WORK INSTRUCTIONS :: Where the material below has a line containing "6 Partyteller XL - Hexagonal - pink", start repeating exactly, and keep going through the line containing "La masse à tête", with no other lines.

THE INPUT ::
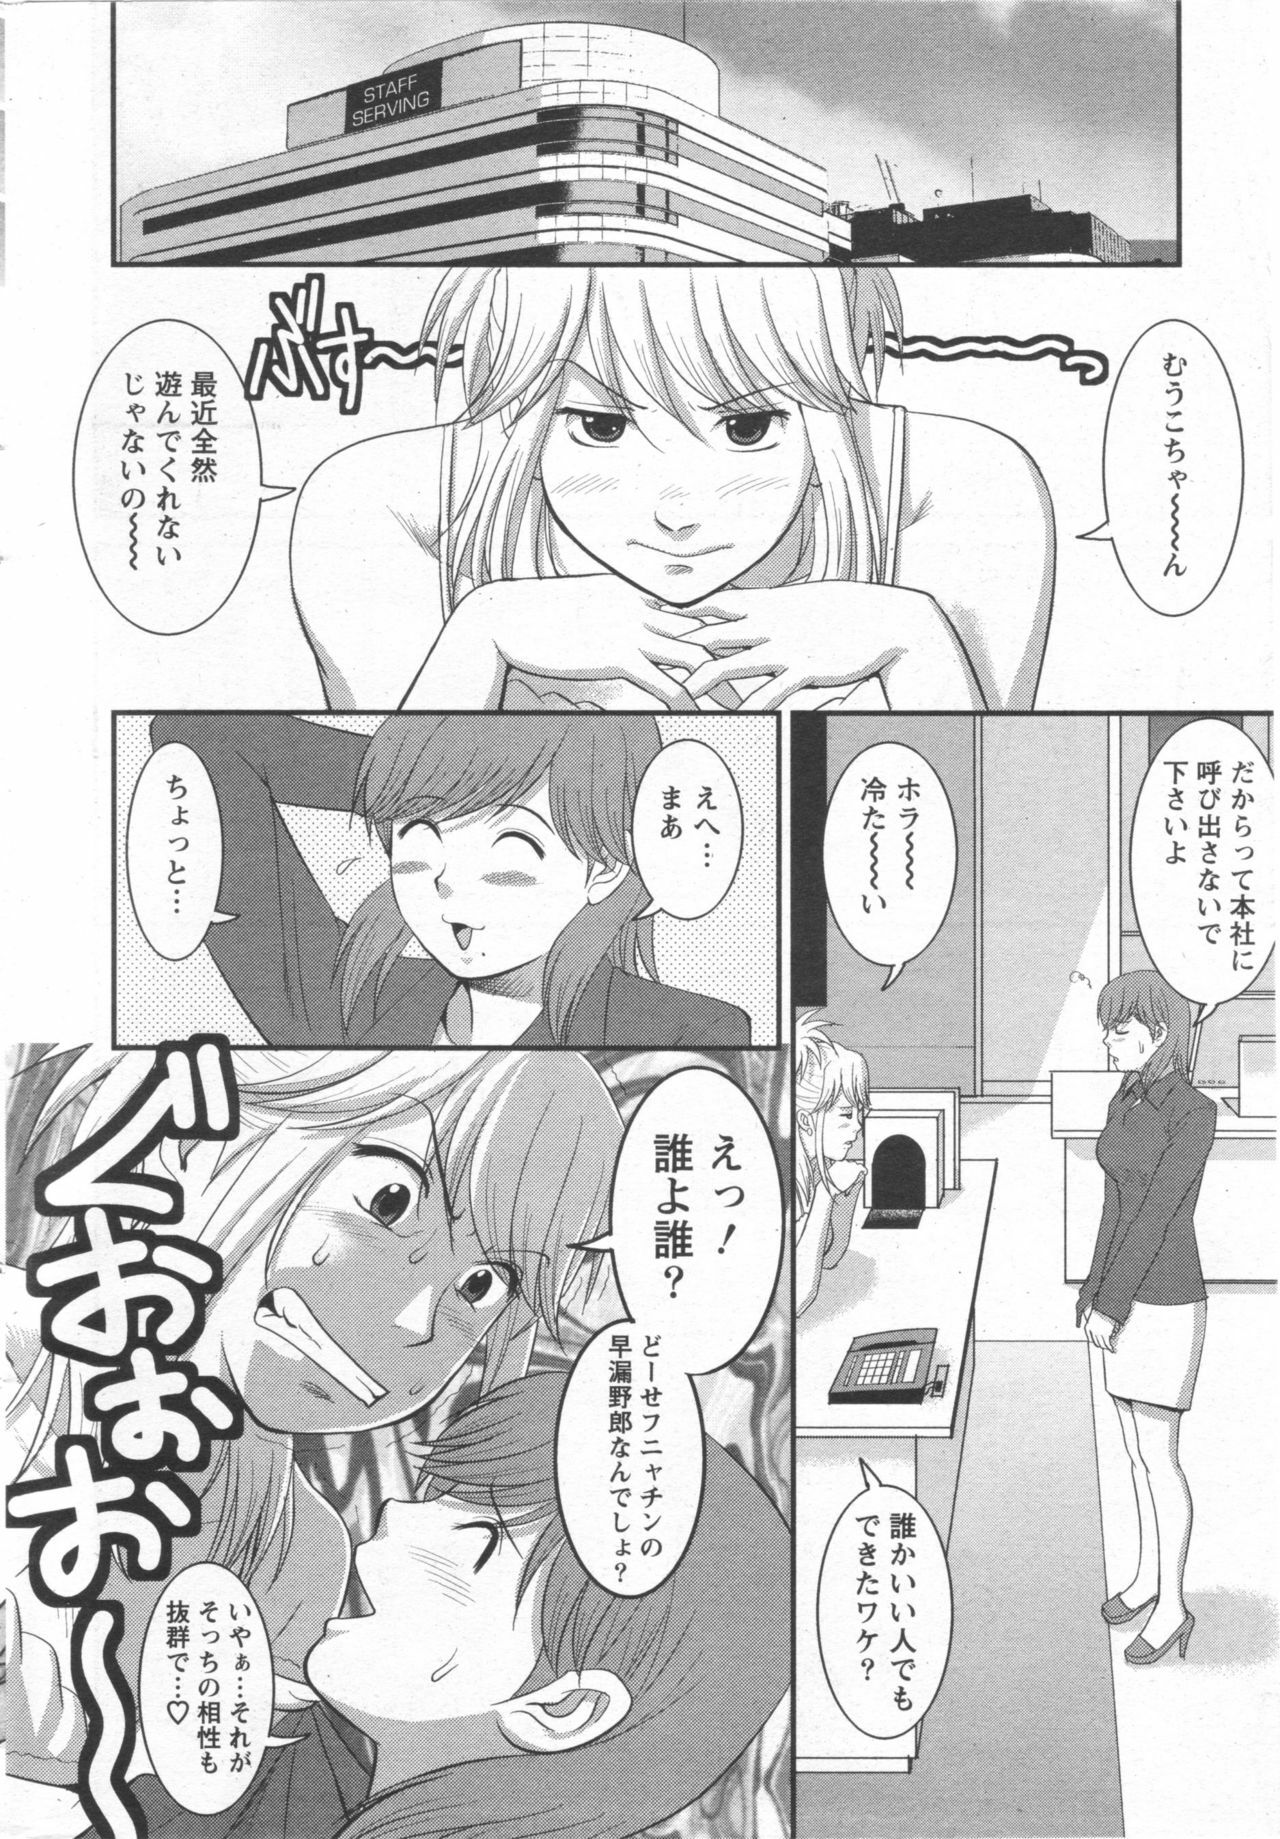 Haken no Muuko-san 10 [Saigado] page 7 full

...

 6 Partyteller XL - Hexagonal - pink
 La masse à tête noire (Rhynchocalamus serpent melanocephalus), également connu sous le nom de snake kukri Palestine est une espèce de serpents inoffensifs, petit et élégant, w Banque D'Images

ANSWER TO THE EXERCISE ::
 6 Partyteller XL - Hexagonal - pink
 La masse à tête noire (Rhynchocalamus serpent melanocephalus), également connu sous le nom de snake kukri Palestine est une espèce de serpents inoffensifs, petit et élégant, w Banque D'Images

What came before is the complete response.